A 200 mg/Kg niclosamide, ARVib-7 or ARVib-31 were orally administrated to SD rats and rat plasma levels of each drug was determined at different time point. B Mice bearing CWR22Rv1 xenografts were treated with vehicle control, niclosamide (25 mg/Kg i.p.), ARVib-7 (25 mg/Kg i.p) for 3 weeks (n = 6). Tumor volumes were measured twice weekly. Tumors were photographed and weighed. Scale bar 1 cm. Data represent means ± S.D. from six mice per group. C Mice bearing LuCaP 35CR xenografts were treated with vehicle control, niclosamide (150 mg per Kg p.o.), ARVib-7 (150 mg per Kg p.o.) for 4 weeks (n = 7). Tumor volumes were measured twice weekly. Scale bar 1 cm. Data represent means ± S.D. from seven mice per group. D Tumors were weighed. E Kaplan–Meier curves of niclosamide and ARVib-7 treatment in LuCaP 35CR tumors. F PSA expression in mice serum was examined in different treatment groups. G Body weight was determined. H IHC staining of Ki67 and AR-V7 in each group was performed and quantified. H&E staining of kidney and liver from each group was performed. *p < 0.05.
Fig. 6
Fig. 6. ARVib improves enzalutamide treatment in vitro and in vivo.
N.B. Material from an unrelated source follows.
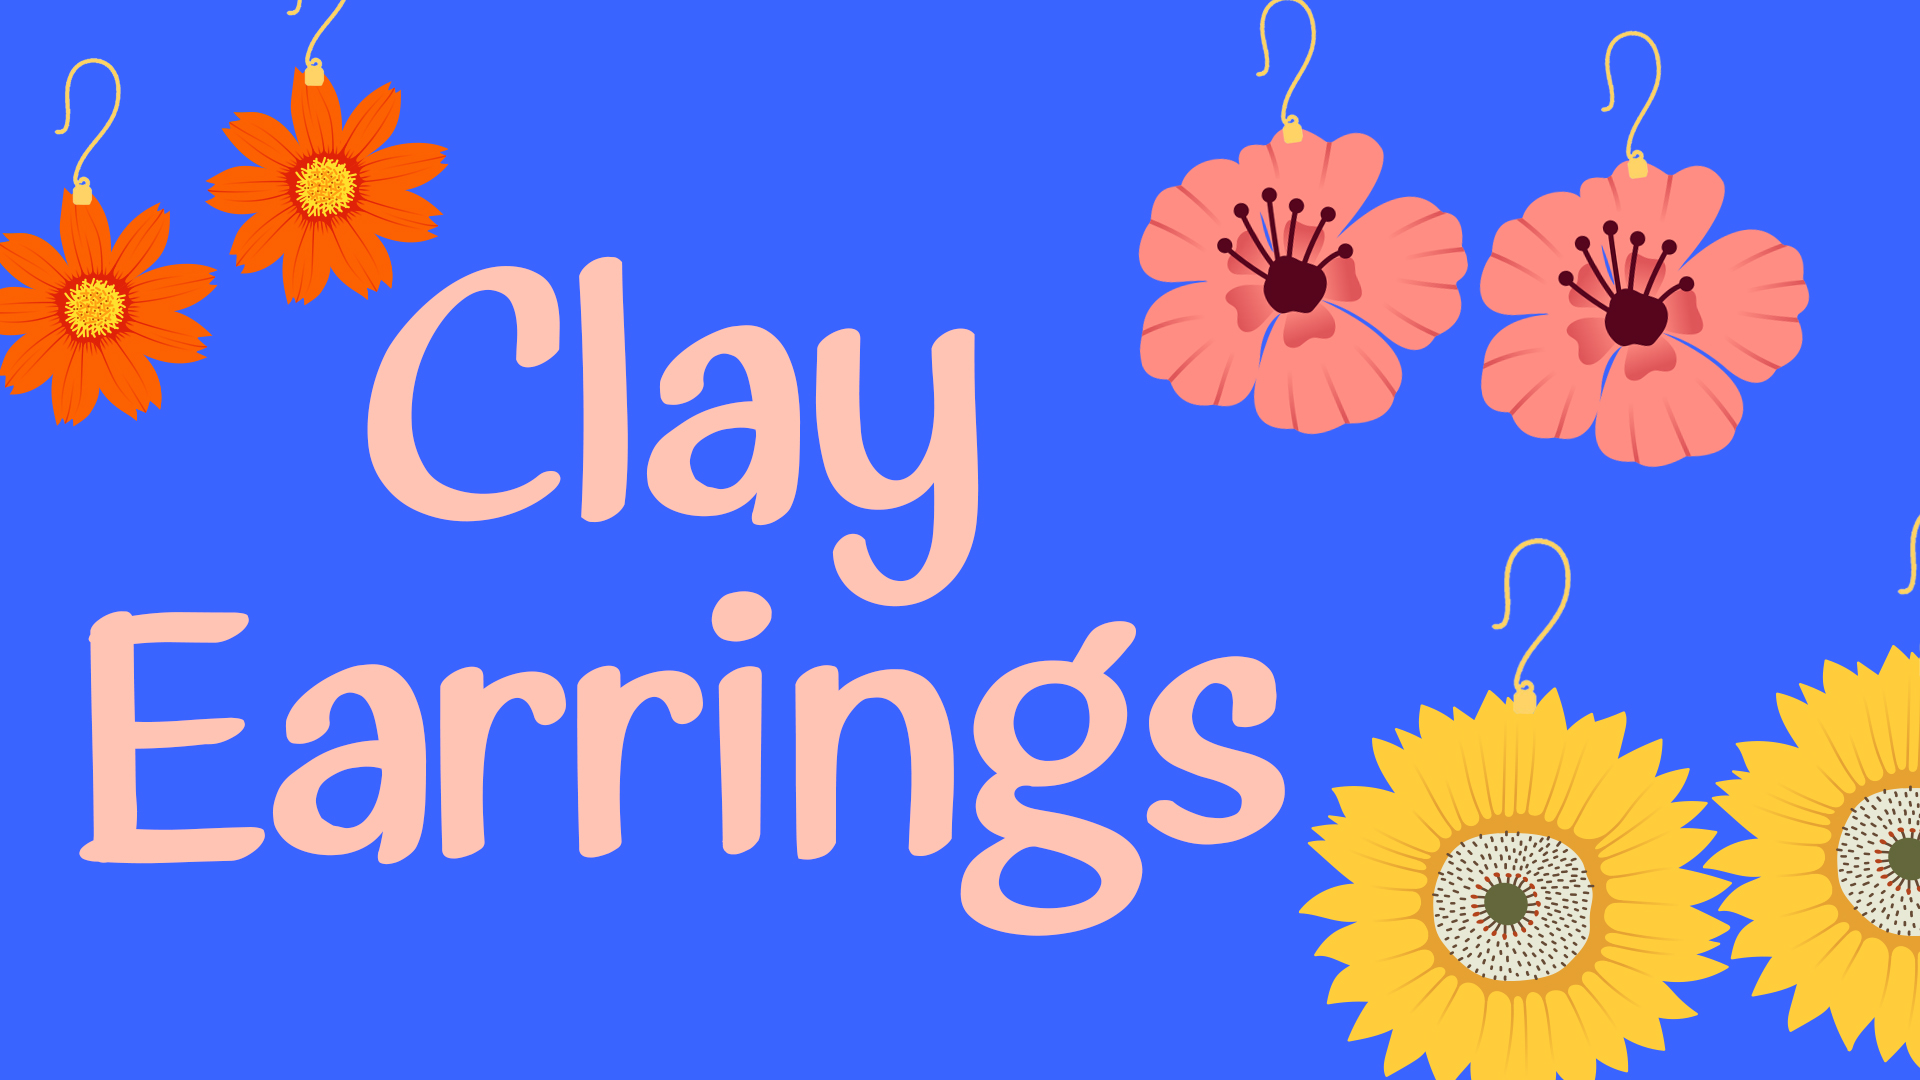 Image reads "Clay Earrings" against a blue background. Three sets of floral earrings are scattered among the image.

A, B CWR22Rv1 cells were treated with DMSO, 20 µM enzalutamide, 0.5 µM ARVibs or their combination. Cell growth was determined at 3 days and colony formation ability was examined by clonogenic assay. C Mice bearing VCaP xenografts were castrated and the relapsed tumors were treated with vehicle control, enzalutamide (25 mg per Kg p.o), ARVib-7 (75 mg per Kg p.o.) or their combination for 24 days (n = 8). Tumor volumes were measured twice weekly. D Tumors were photographed. Scale bar 1 cm. Data represent means ± S.D. from eight mice per group. E Tumors weight. F PSA expression in mice serum was examined. G Kaplan–Meier curves showing survival benefits of ARVib-7 single treatment, ARVib-7 and enzalutamide combination treatment in relapsed VCaP tumors. H Body weight was determined. I IHC staining of Ki67, AR-V7, and HSP70 in each group was performed and quantified. *p < 0.05.